Thats the one allright that I was being quoted. I intend to go back in and investigate it more. It is called the Triumph Investment Bond. I'll post up any information I get back on it.
Cheers for the reply


----------



## ClubMan (6 Nov 2007)

Many people (myself included) believe that the cons of tracker bonds generally outweigh the pros. Have a root around for previous discussions of tracker bonds in general.


----------



## jennyrusks (5 May 2008)

Hi there
I was looking at this the other day when I was in the bank. I'm also looking at [broken link removed].  This is my first time to make an investment so I'm really just dipping my toe in the water. 

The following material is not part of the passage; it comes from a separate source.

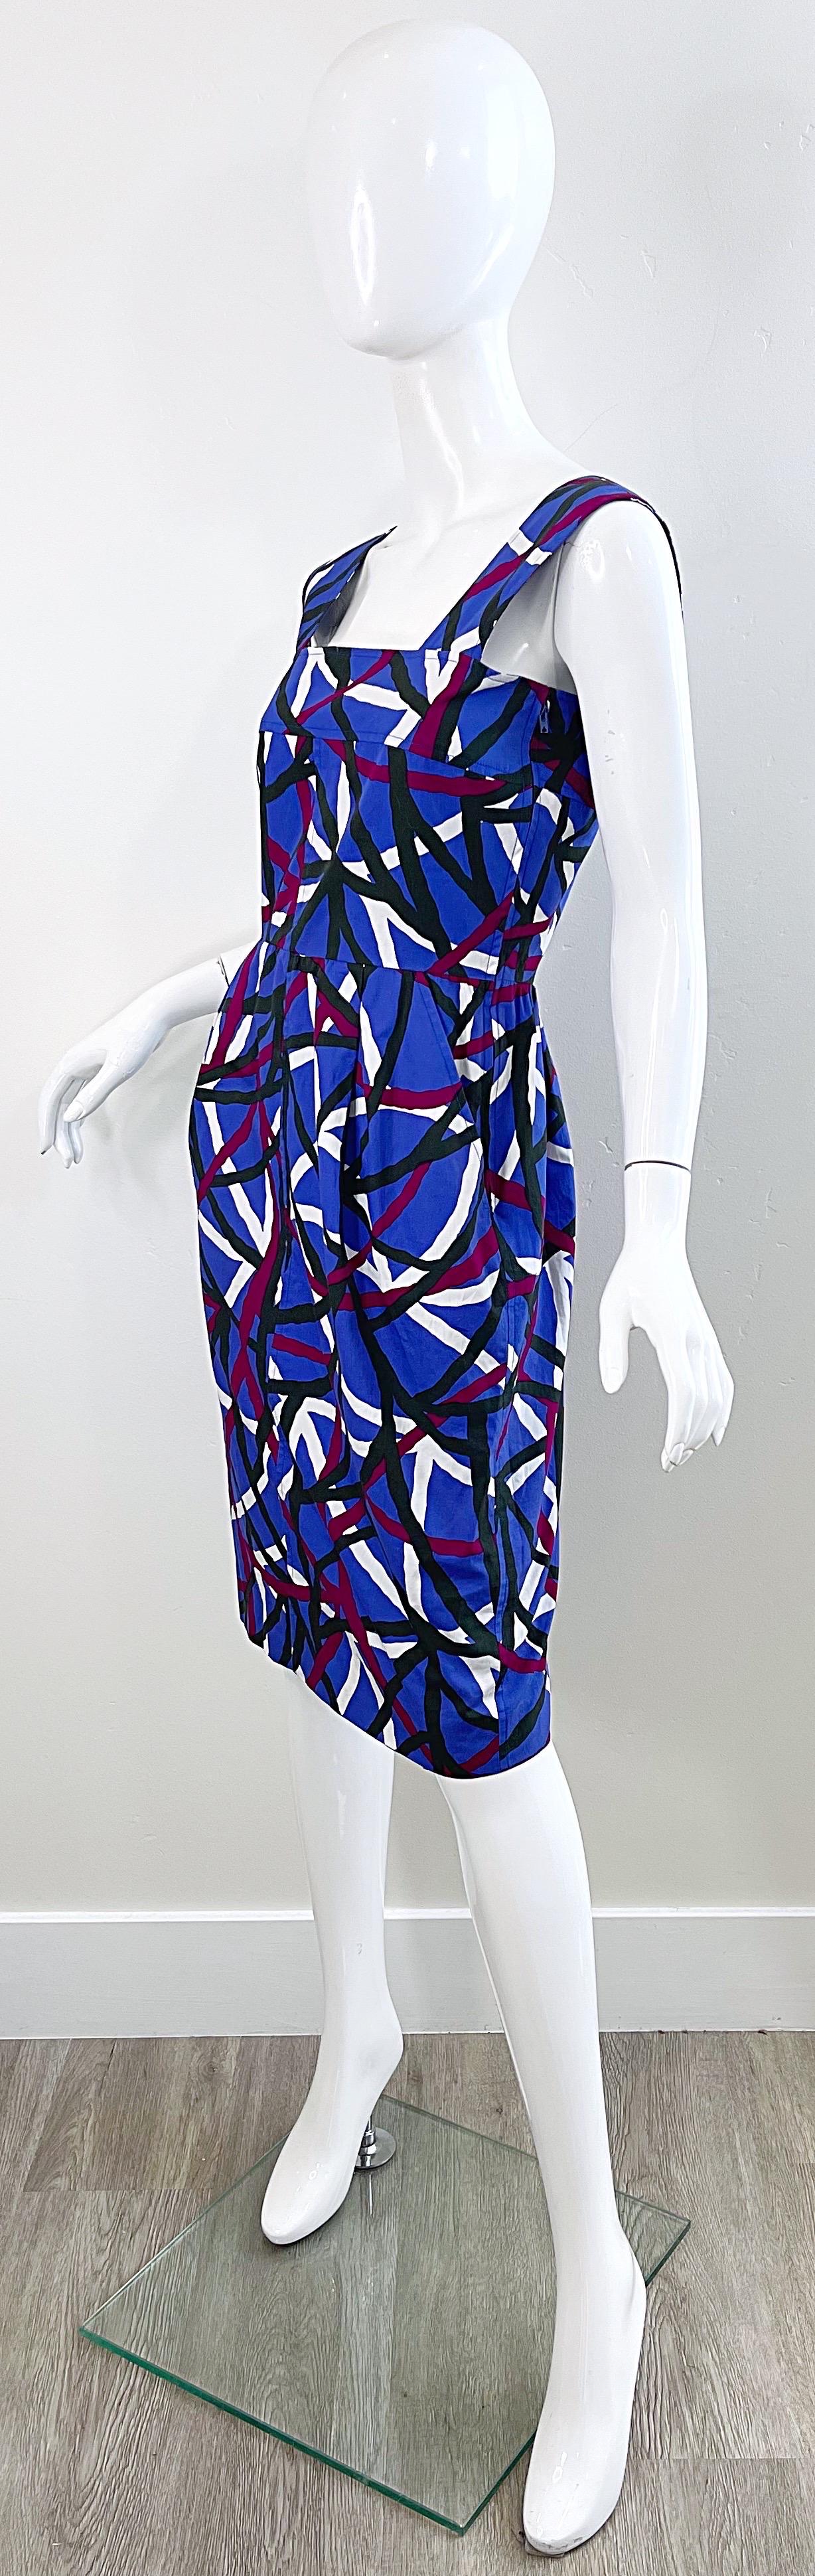 Yves Saint Laurent 1970s YSL Graffiti Print Purple Cotton Vintage 70s Dress For Sale 9
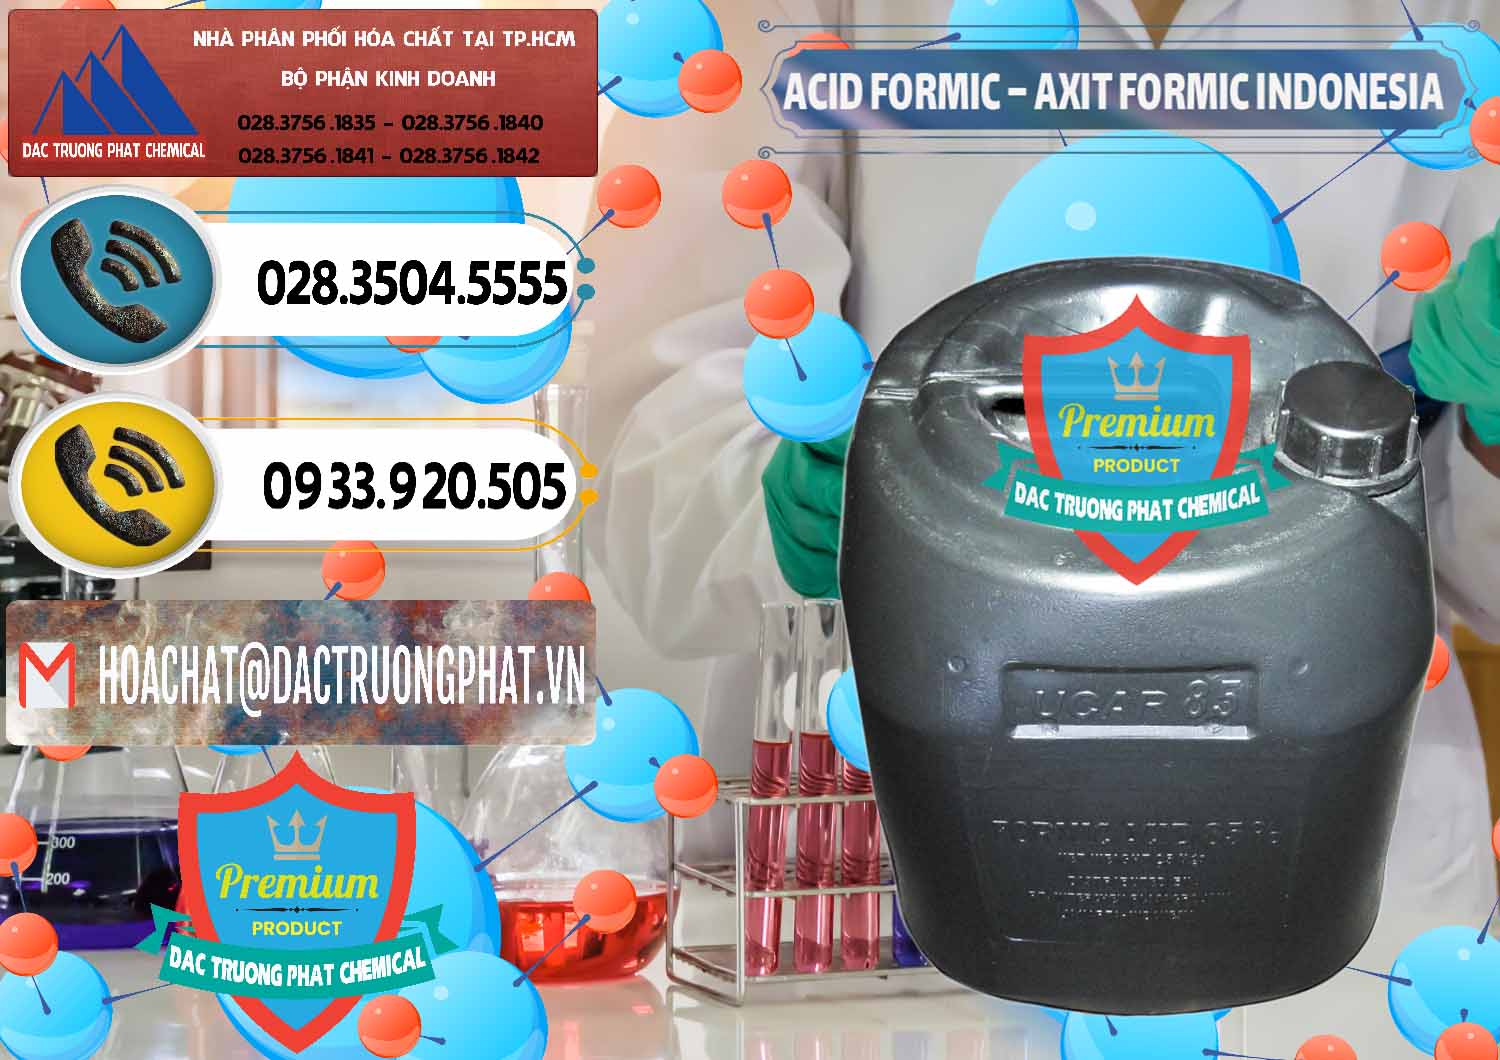 Đơn vị chuyên bán _ cung cấp Acid Formic - Axit Formic Indonesia - 0026 - Đơn vị chuyên cung cấp _ kinh doanh hóa chất tại TP.HCM - hoachatdetnhuom.vn

These are the details of the Ulster Bank offer;



> The Triumph Investment Bond takes the guesswork out of investing.
> Your investment is exposed to three contrasting investment portfolios-Aggressive, Balanced and Cautious-and you receive returns on whichever performs the best at the end of your chosen term.
> You can choose between two terms: 3 Years 6 Months or 5 Years 11 Months
> On the 5 Year 11 Month term your capital is invested in two parts:
> ...





> *Triumph Investment Bond Terms
> *
> 
> The Triumph Investment Bond is available to personal customers only aged between 18 and 85 inclusive. All Body Corporates may also open an account.
> ...


I've read quite a few of the posts about tracker bonds on AAM and been to itsyourmoney.ie , (great site for anyone getting started) - This Ulster Bank offer is appealing to me because I'm guaranteed the  capital back, but I understand that with inflation and DIRT, there might not be much of a return. 

The Rabodirect is also appealing because there is a low entry cost and you can increase your investment monthly. I think I'm erring more towards Rabo than the UB offer but would appreciate any advice or comments. 

thanks

Jennifer


----------